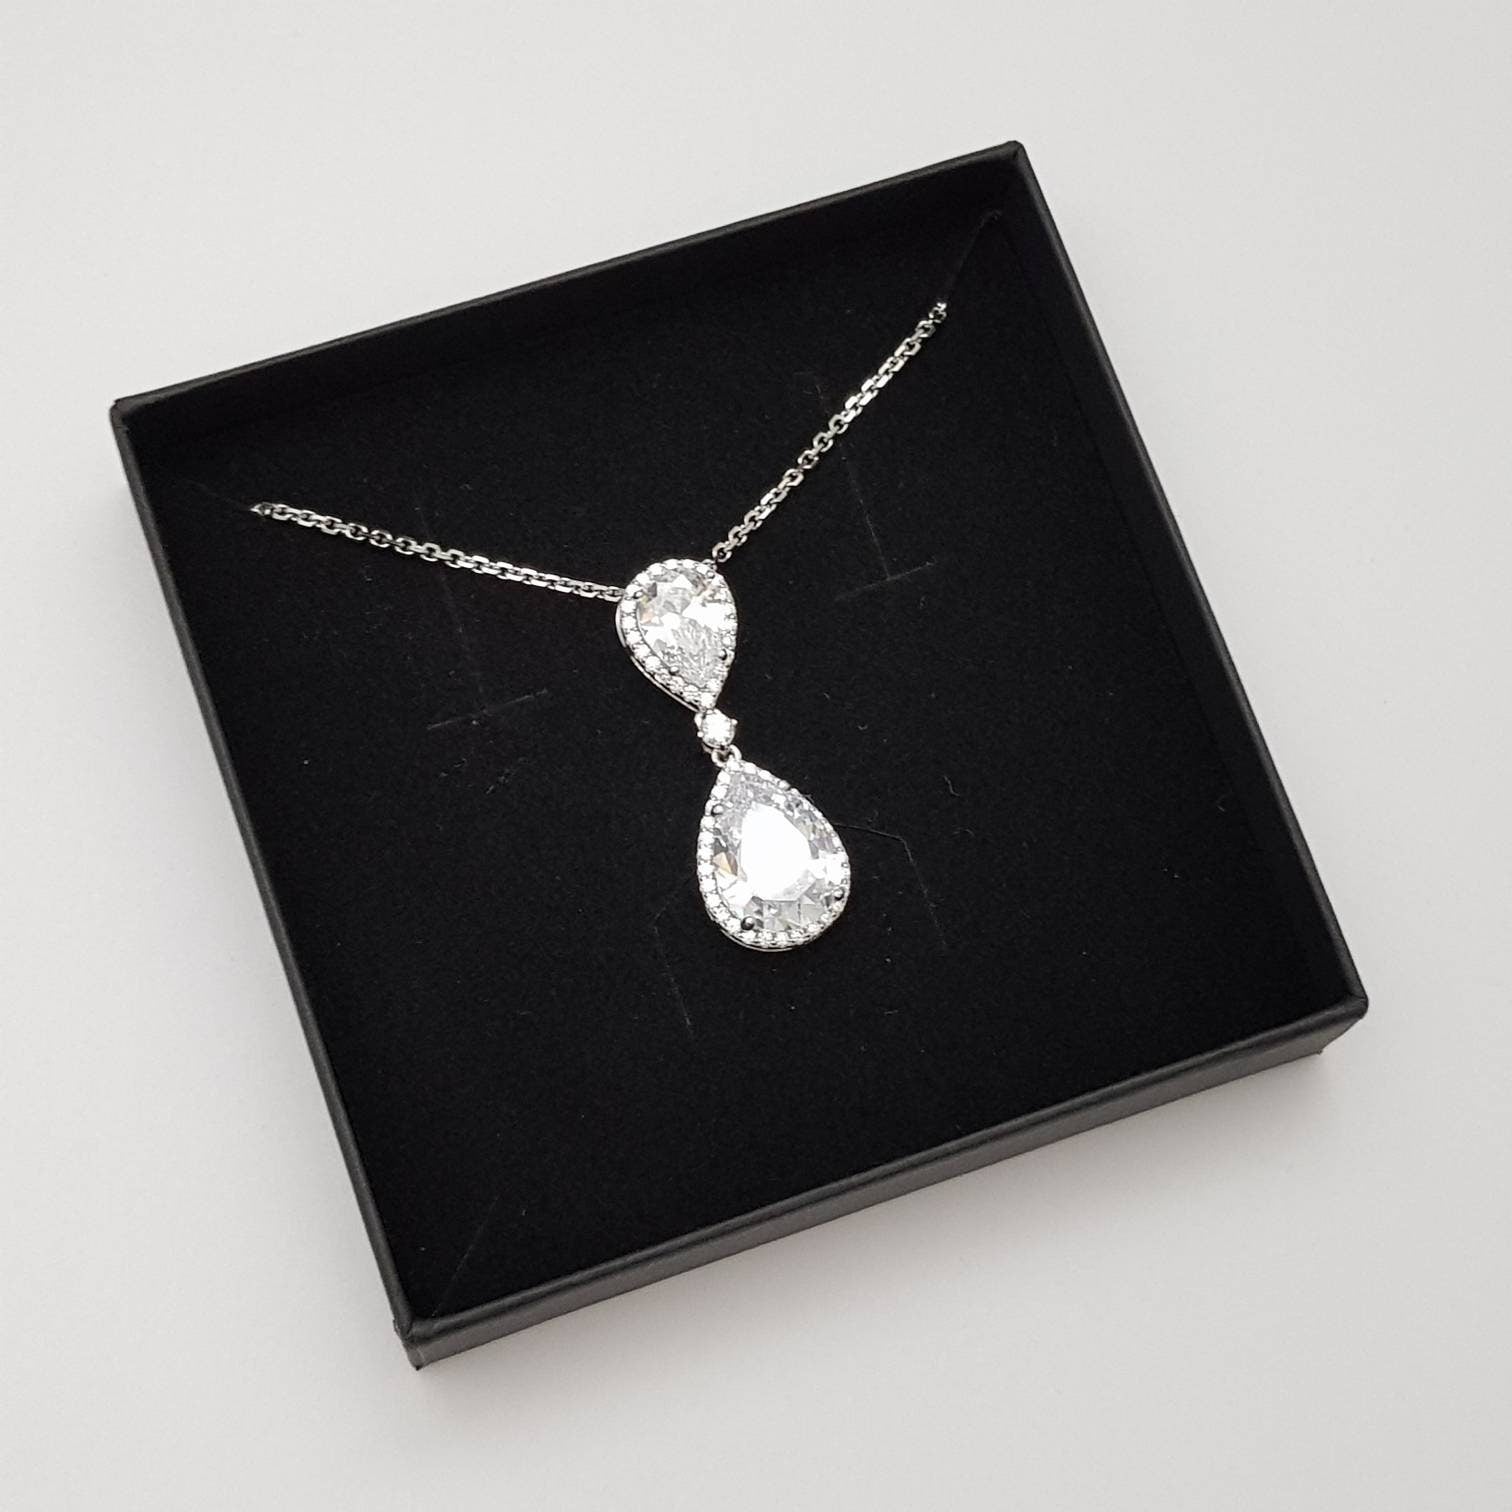 Sterling silver teardrop shaped necklace, vintage style pendant
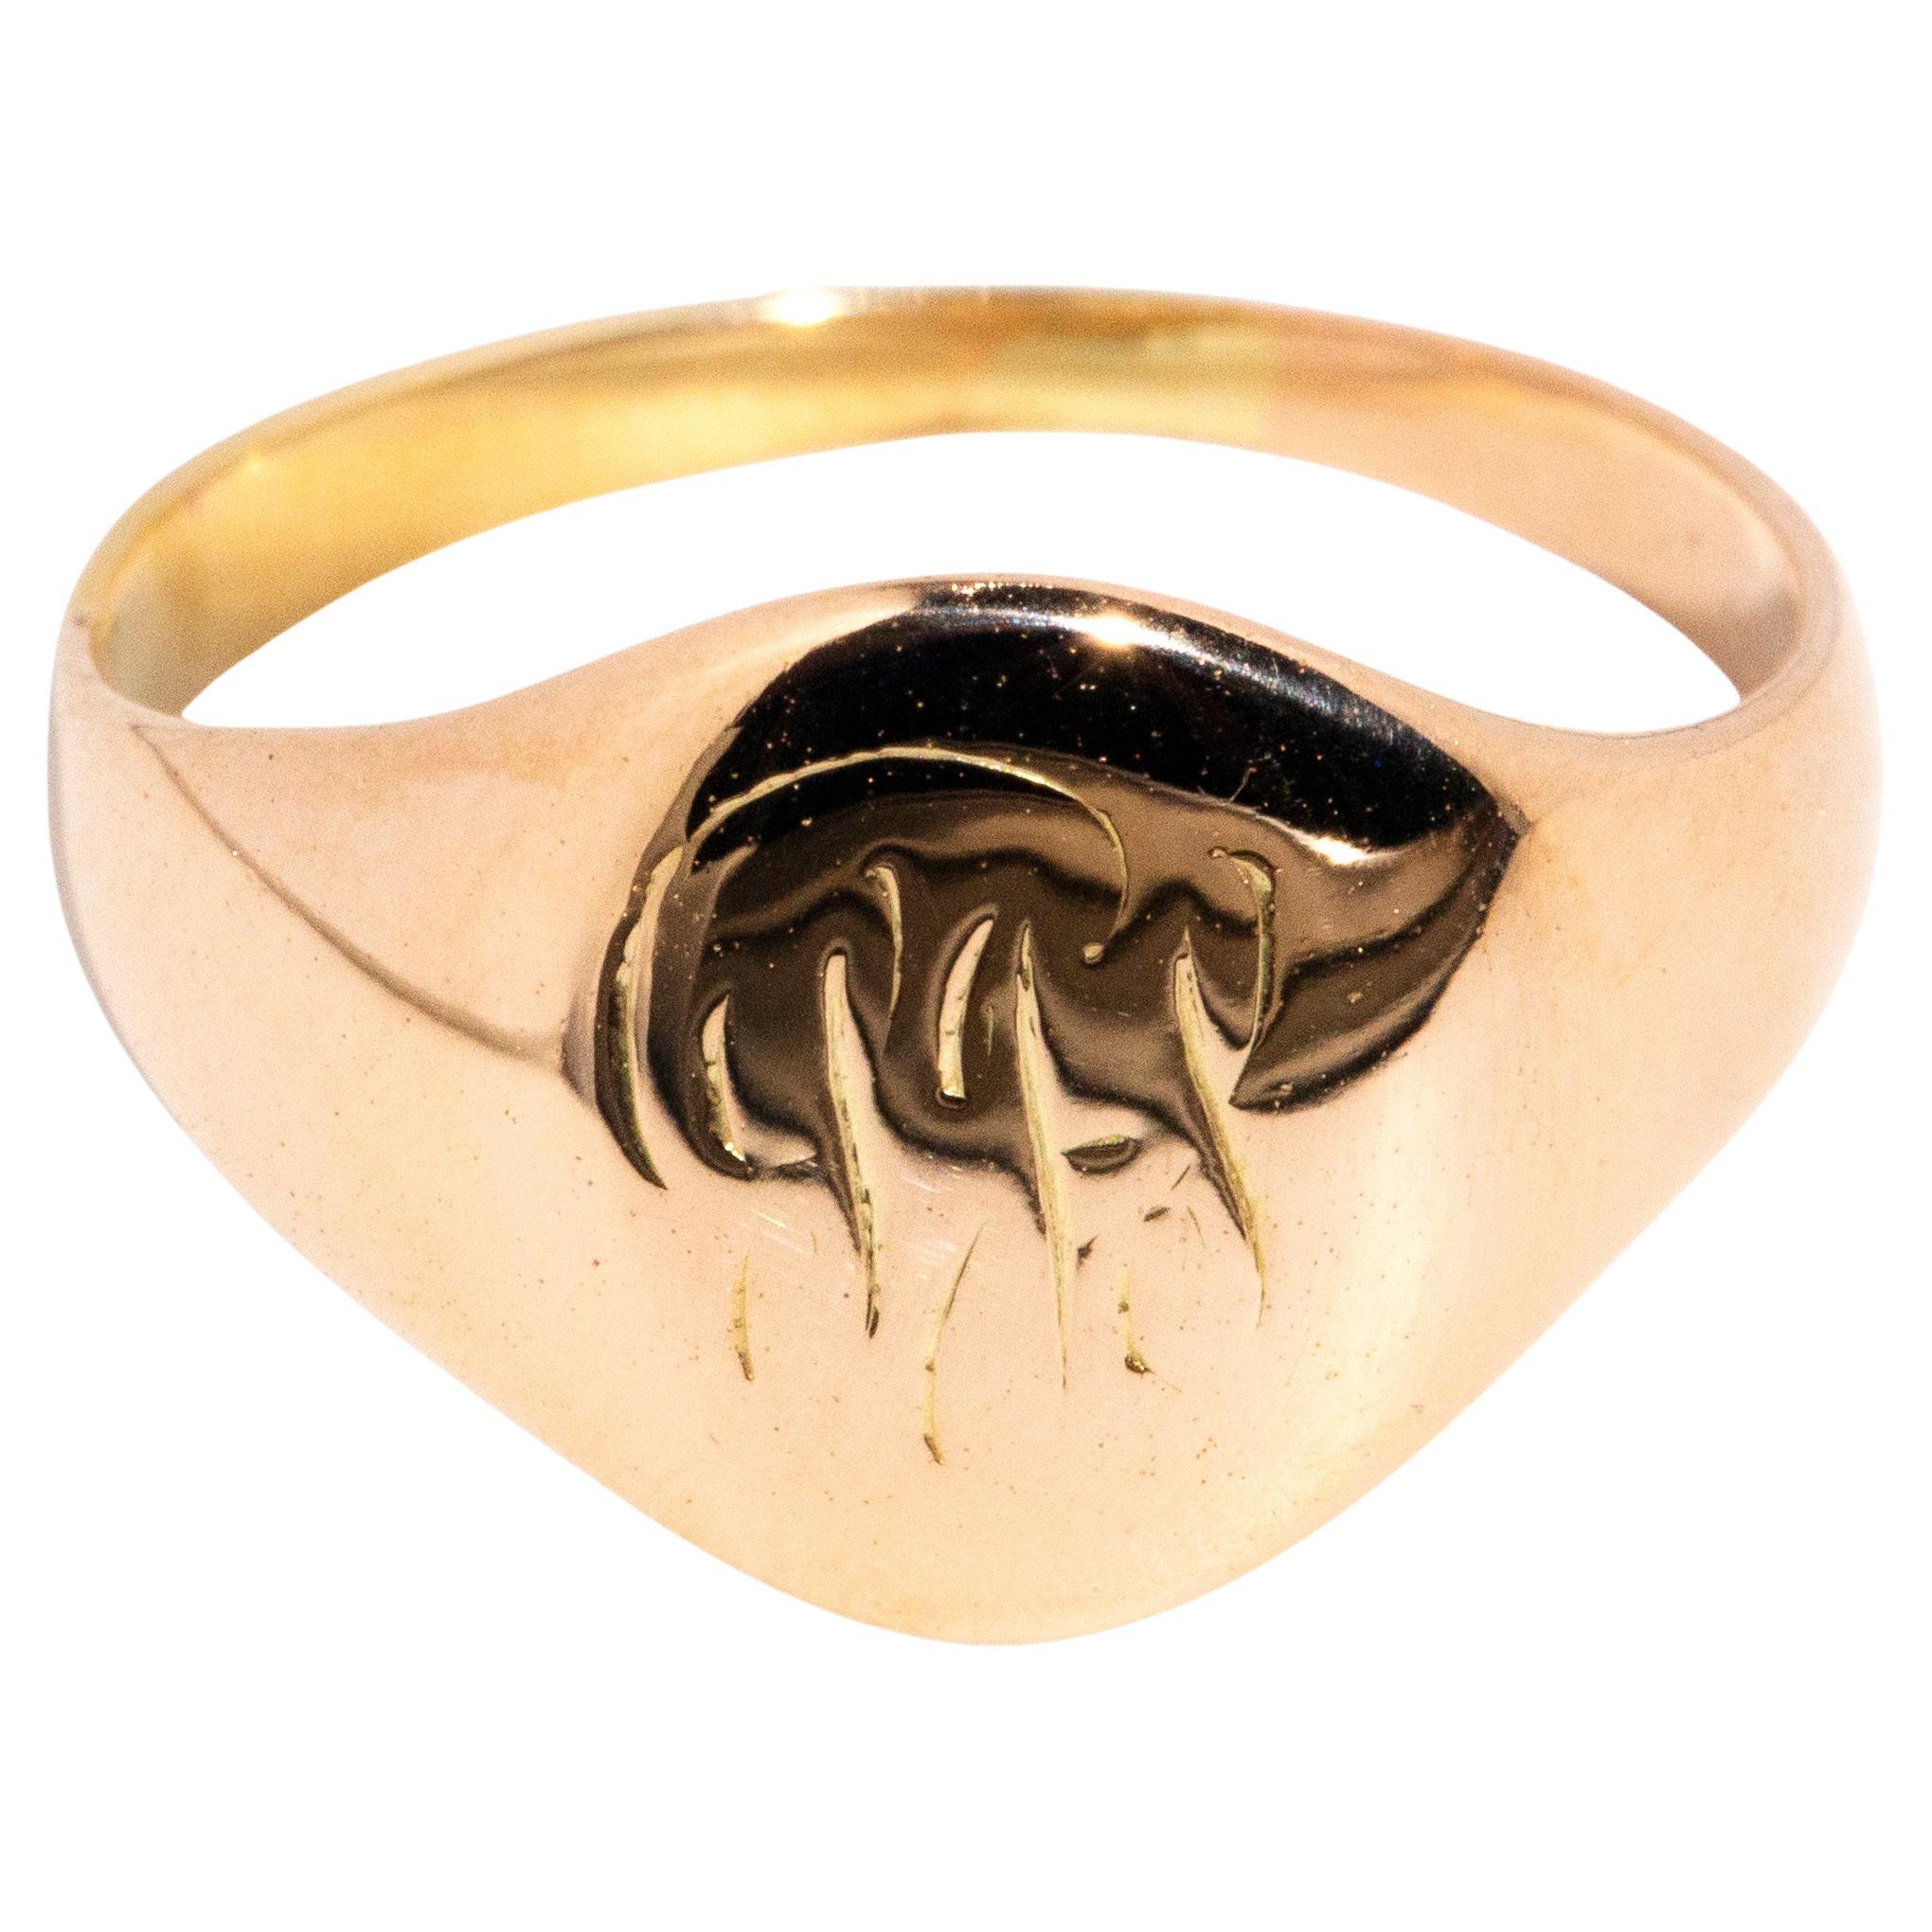 Antique circa 1920s 14 Carat Rose Gold "Hb" Inscribed Unisex Signet Ring For Sale
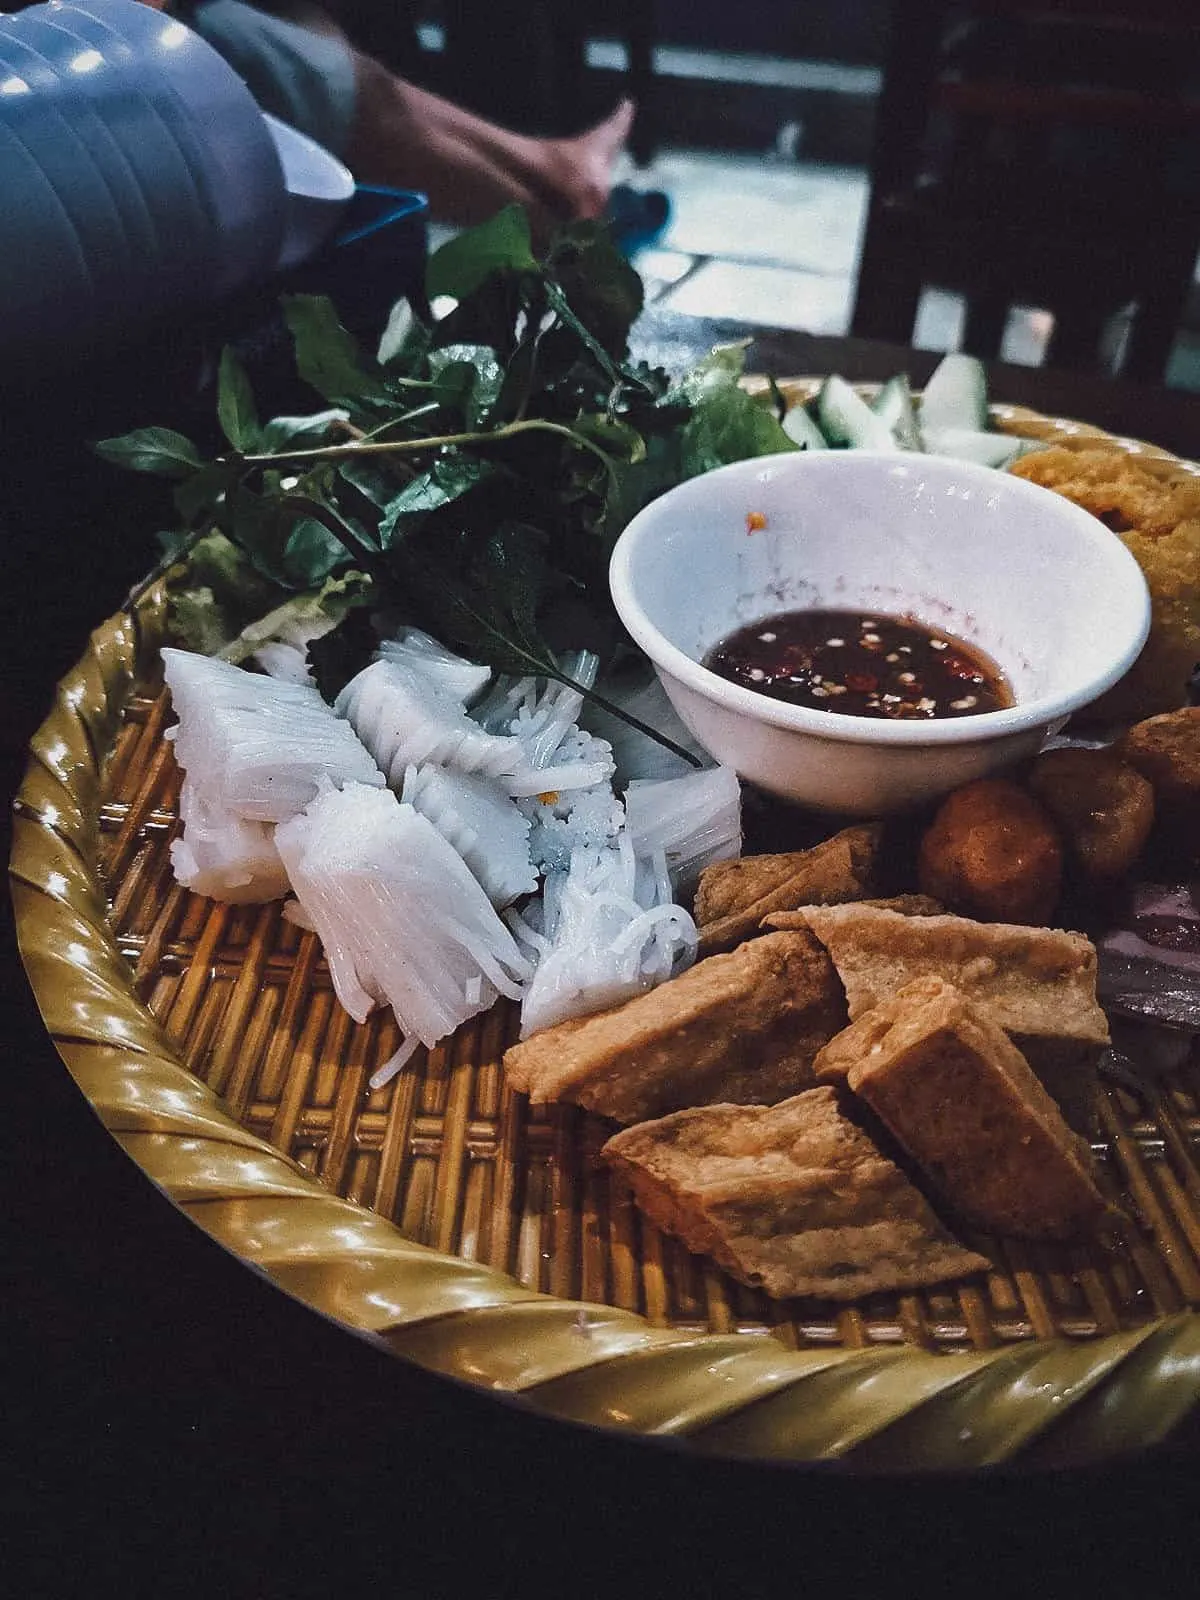 Tray of Vietnamese food at Dau Bac restaurant in Hoi An

——

◆ TASK STATEMENT:
When copying the data above, repeat every word exactly and drop the pictures.

◆ COMPLETED EXERCISE:
 Sterling silver teardrop shaped necklace, vintage style pendant
 Antique circa 1920s 14 Carat Rose Gold "Hb" Inscribed Unisex Signet Ring For Sale
 Tray of Vietnamese food at Dau Bac restaurant in Hoi An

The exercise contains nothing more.